— DATASET EXCERPT —

:::::

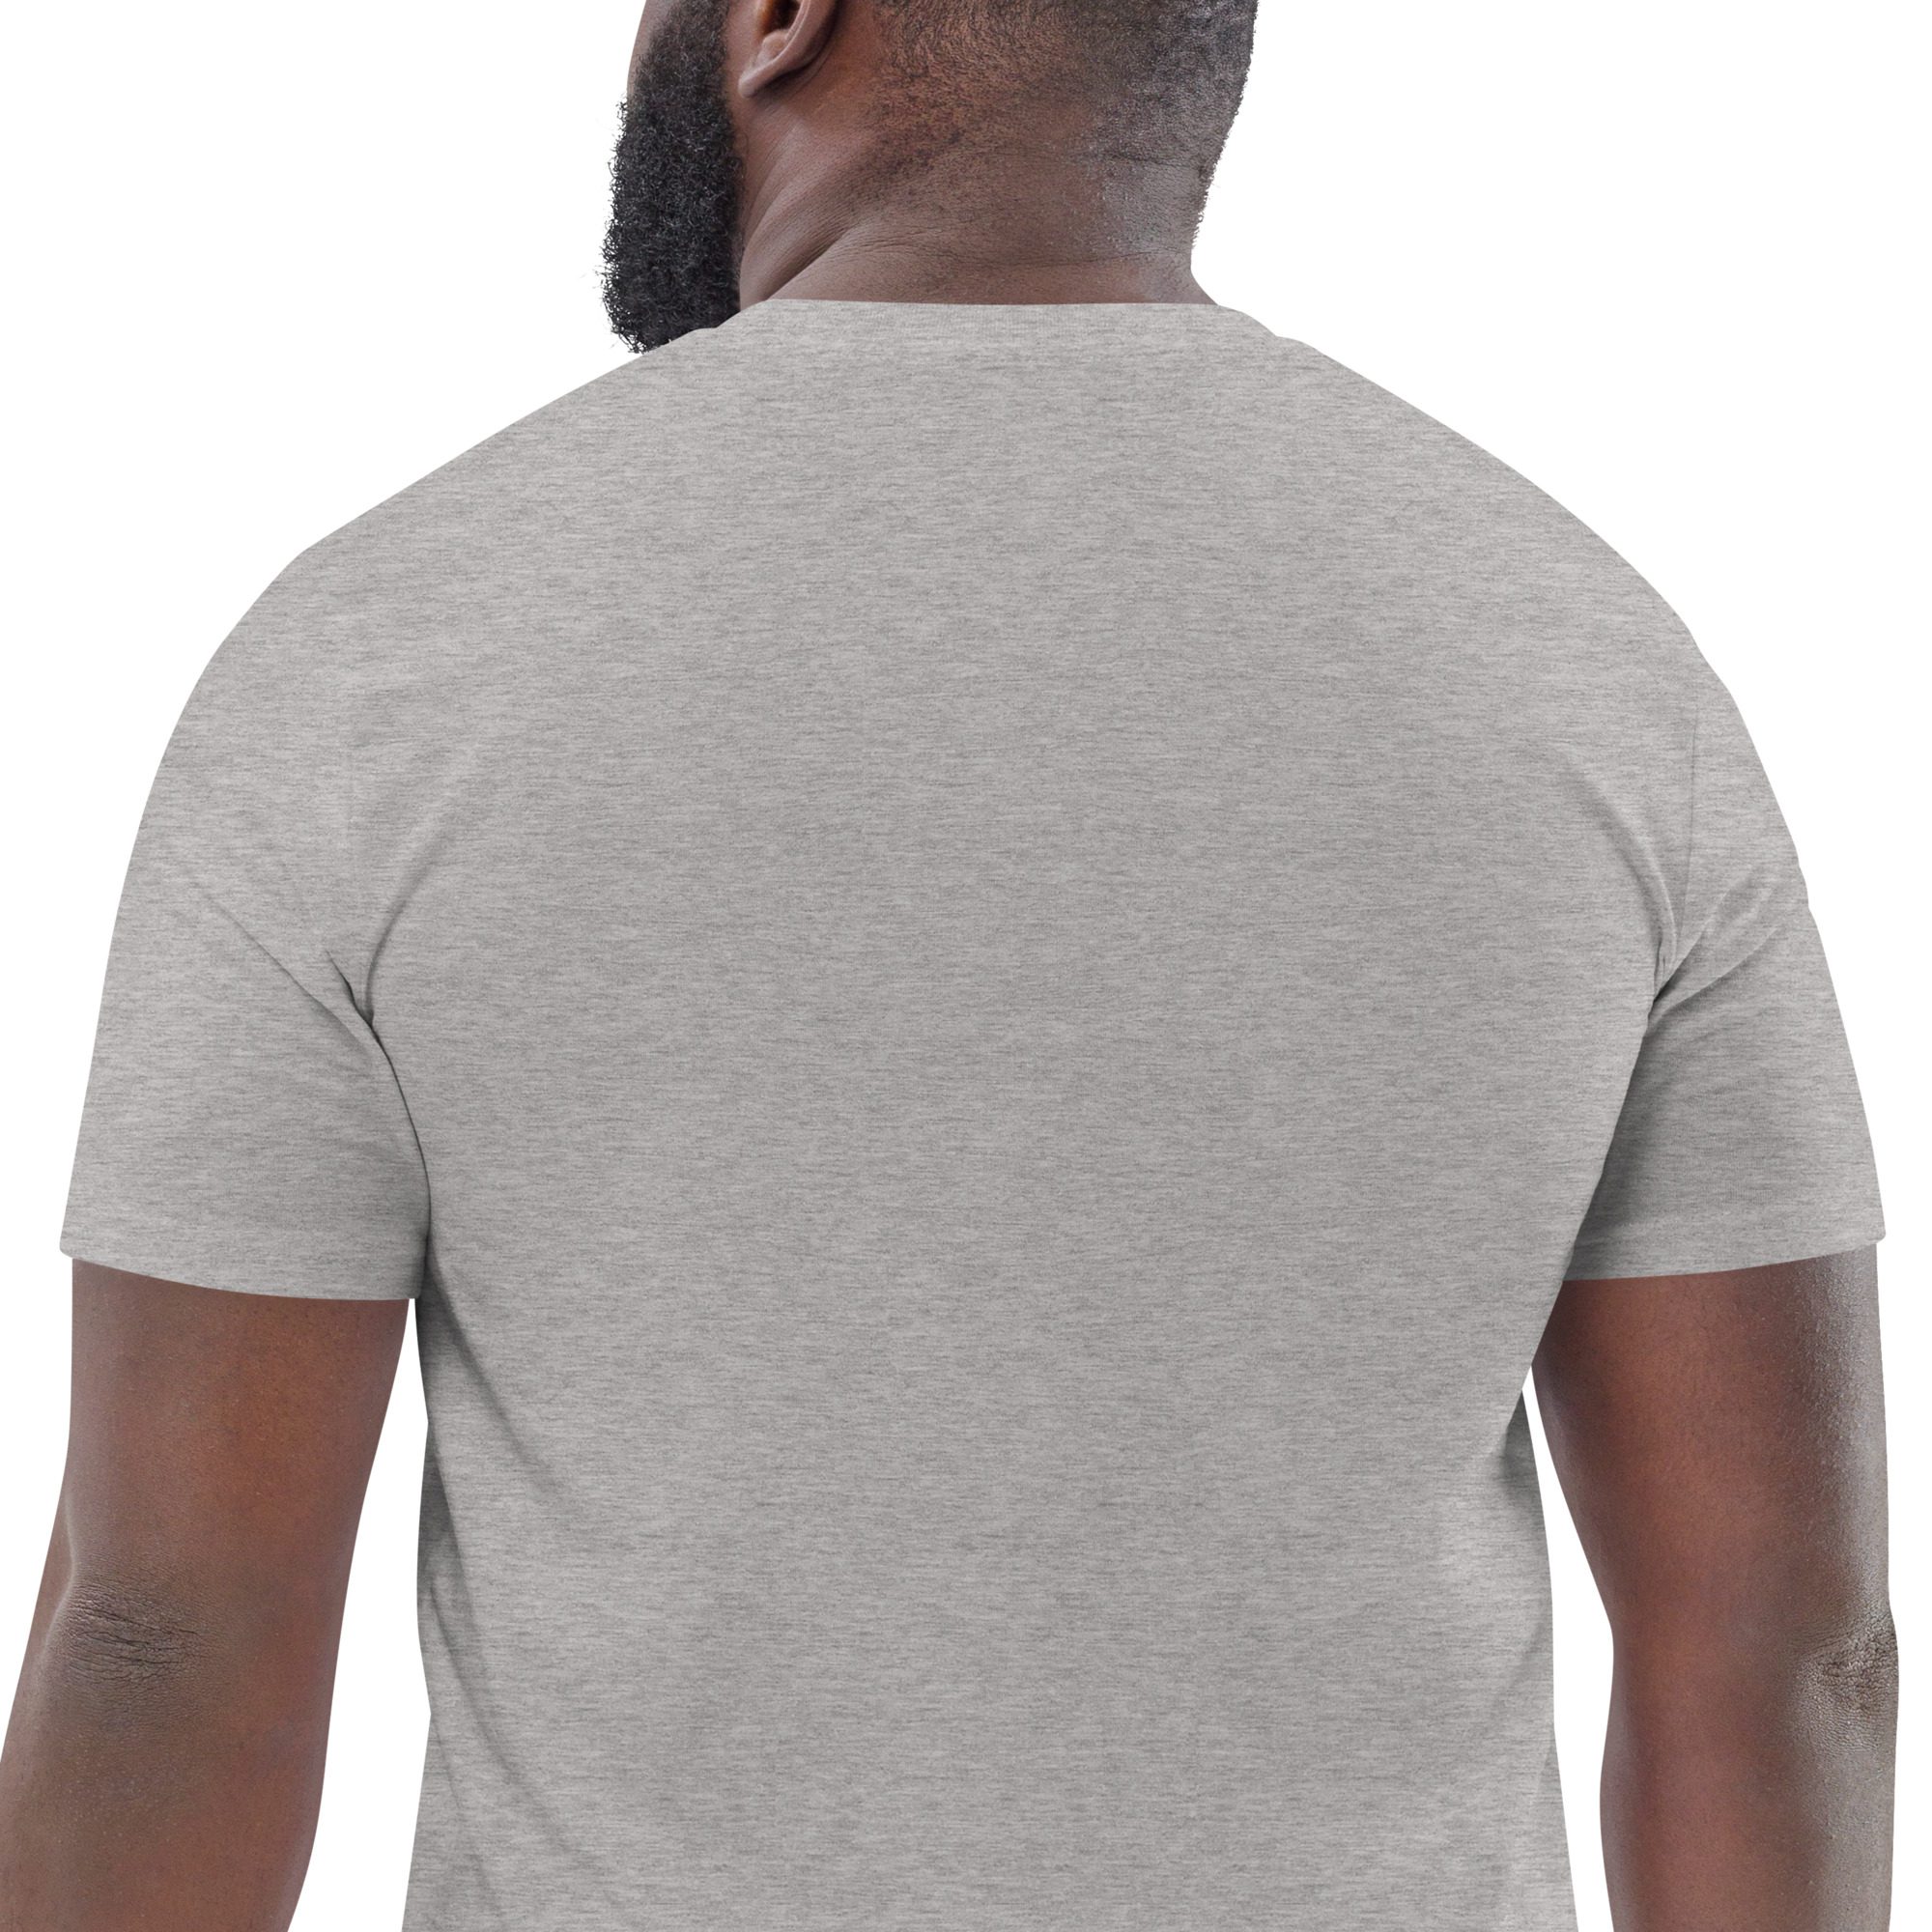 unisex organic cotton t shirt heather grey zoomed in 651ada93aa627
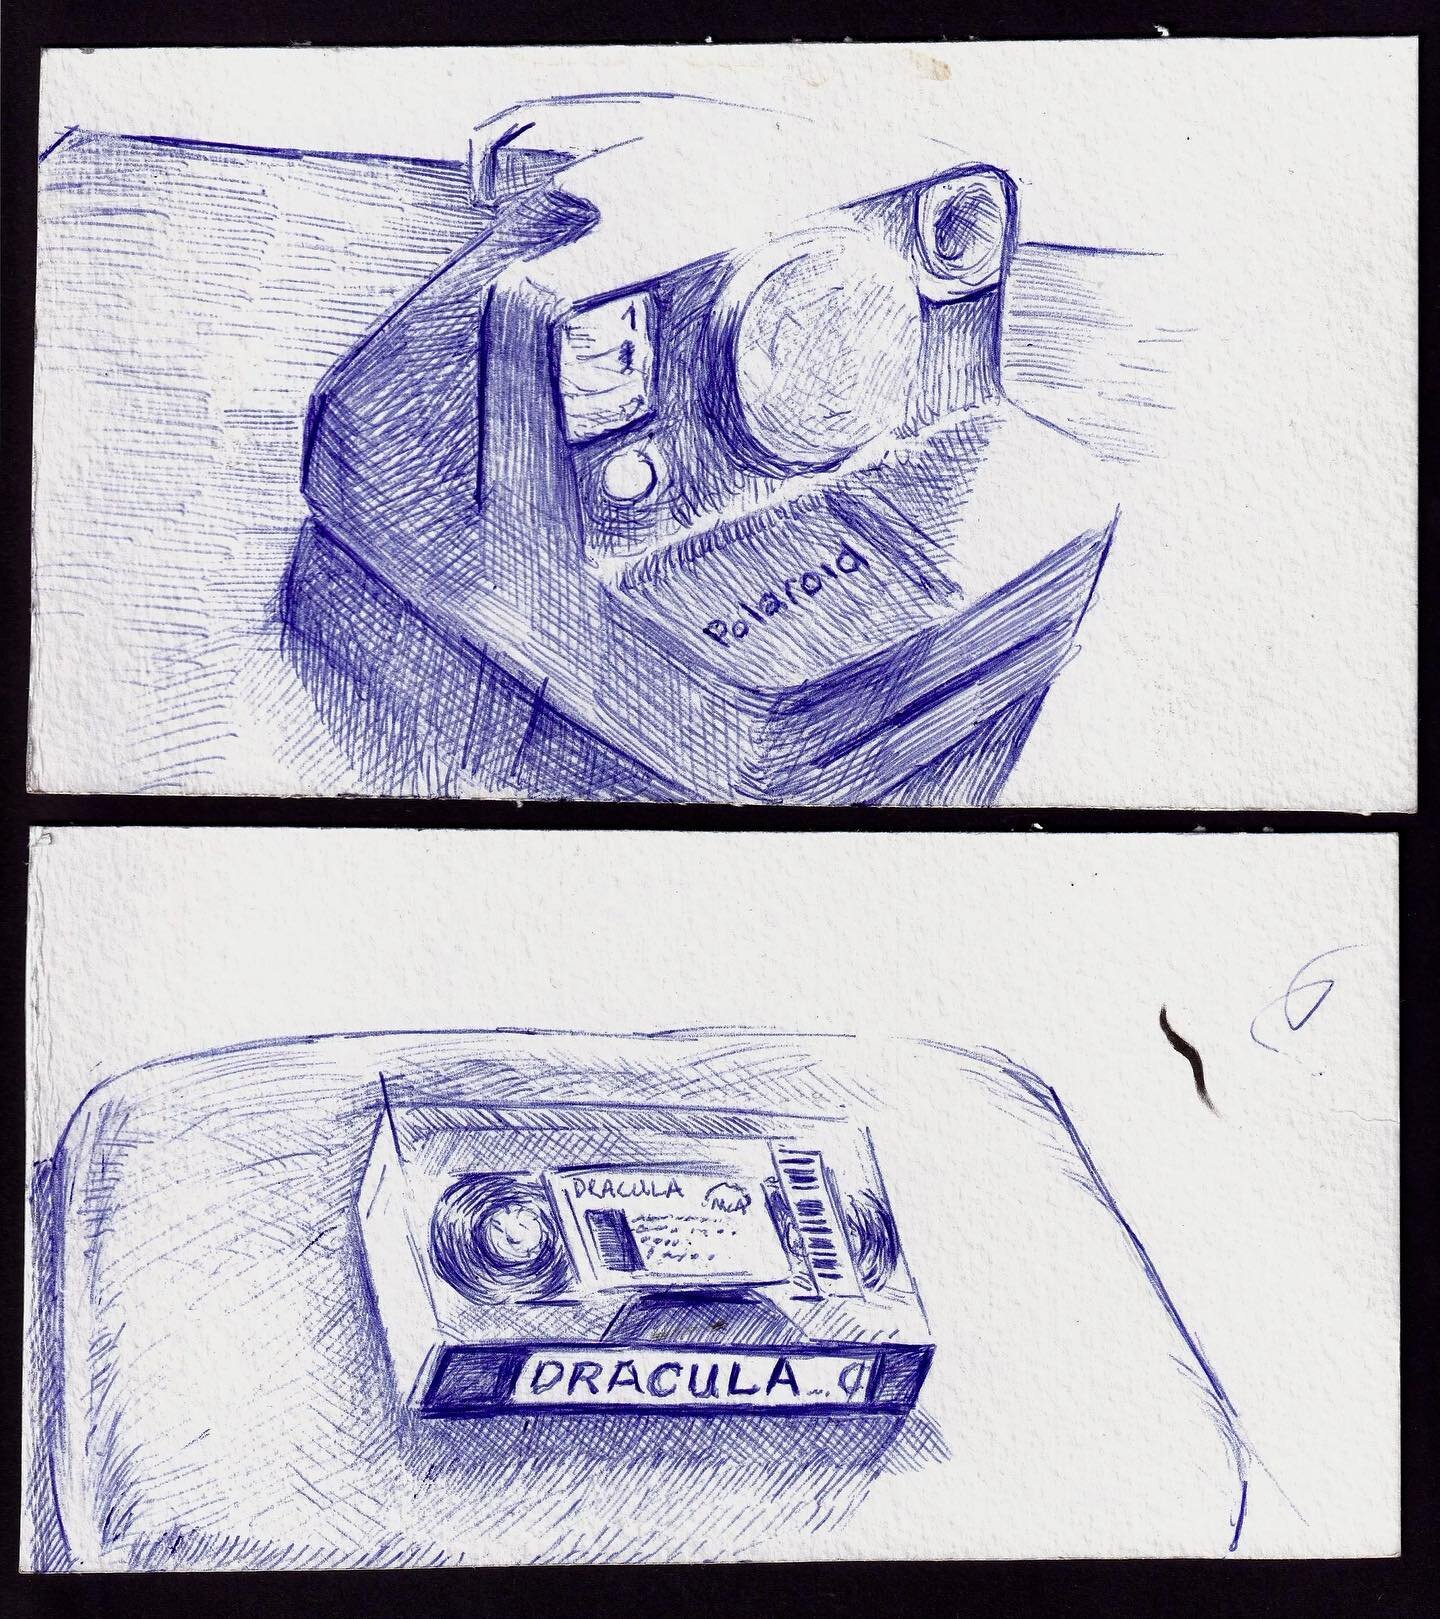 Polaroid and VHS
#drawing #freehanddrawing #ballpoint #pen #watercolorpaper #sketch #dracula #analog #film #vampire #lens #bekindrewind #art #artwork #shadows

:::::

— EXERCISE REQUIREMENTS —
Without the pictures, transcribe the listing exactly as it stands.

— TASK ANSWER —
 unisex organic cotton t shirt heather grey zoomed in 651ada93aa627
 Polaroid and VHS
#drawing #freehanddrawing #ballpoint #pen #watercolorpaper #sketch #dracula #analog #film #vampire #lens #bekindrewind #art #artwork #shadows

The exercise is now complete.